Top of Provided data

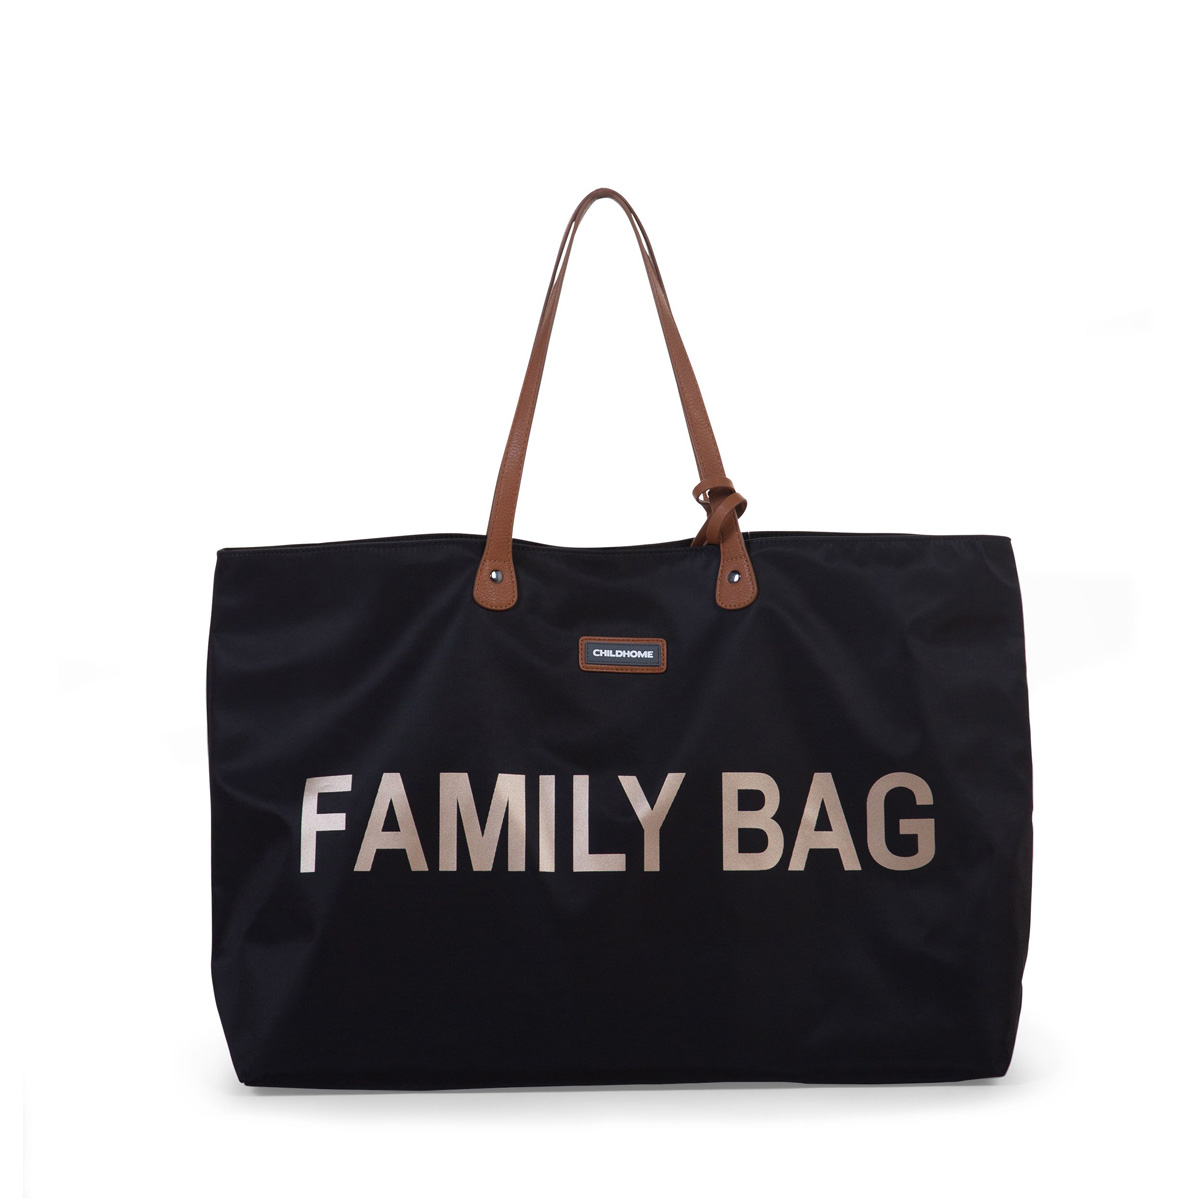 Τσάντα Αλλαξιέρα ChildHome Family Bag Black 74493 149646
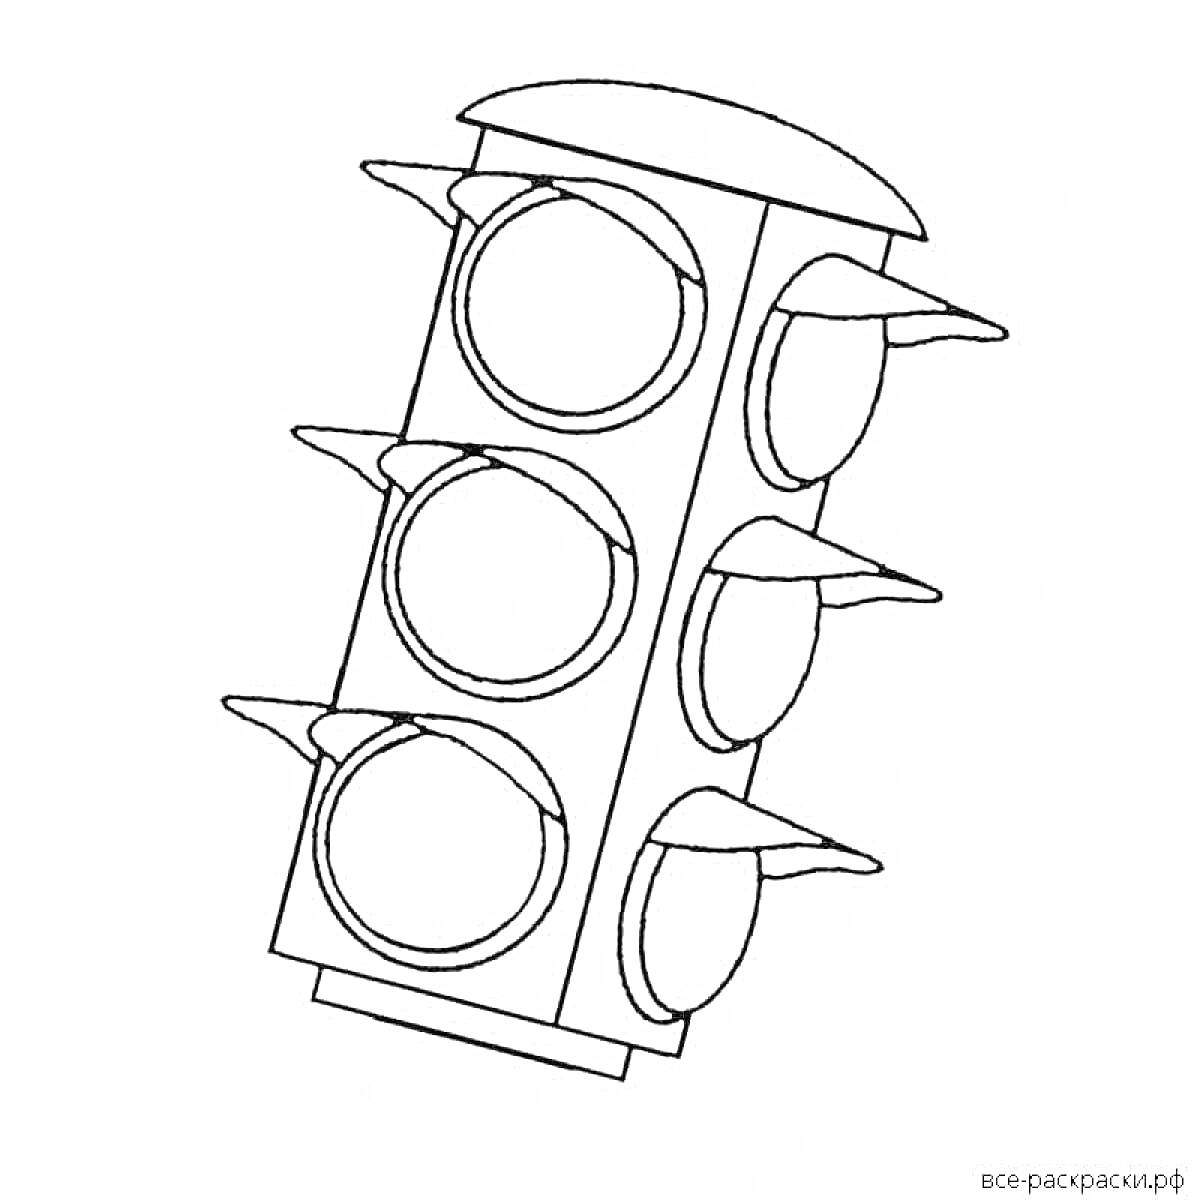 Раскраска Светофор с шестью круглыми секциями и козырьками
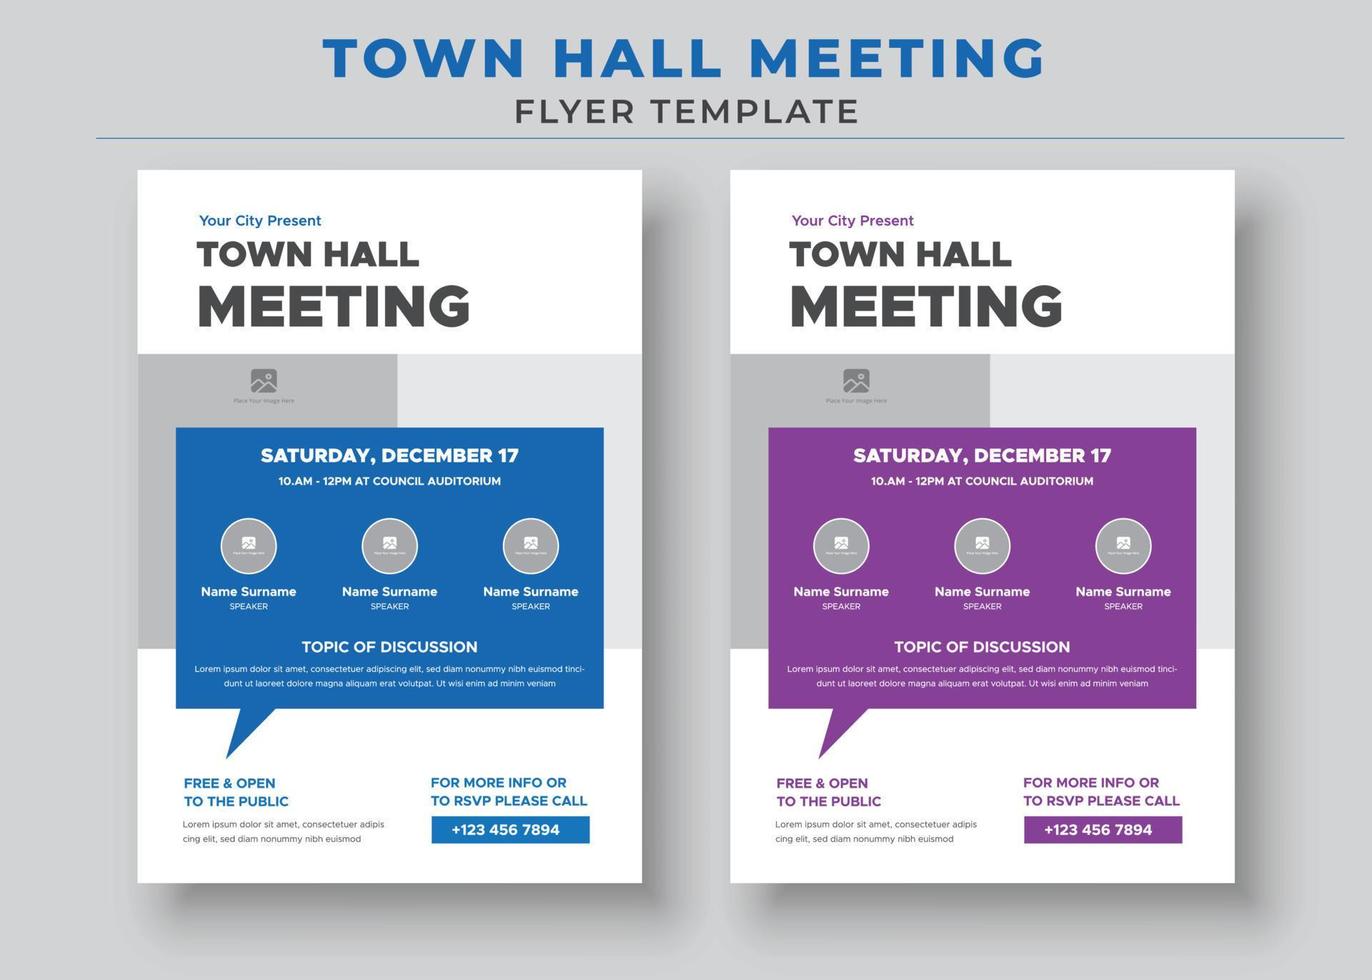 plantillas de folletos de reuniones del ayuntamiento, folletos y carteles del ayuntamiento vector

Bottom of Provided data

▶ [Your goal] The answer is the listing above restated word for word, pictures removed.

▶ [Exercise response]
 Τσάντα Αλλαξιέρα ChildHome Family Bag Black 74493 149646
 Раскраска Светофор с шестью круглыми секциями и козырьками
 plantillas de folletos de reuniones del ayuntamiento, folletos y carteles del ayuntamiento vector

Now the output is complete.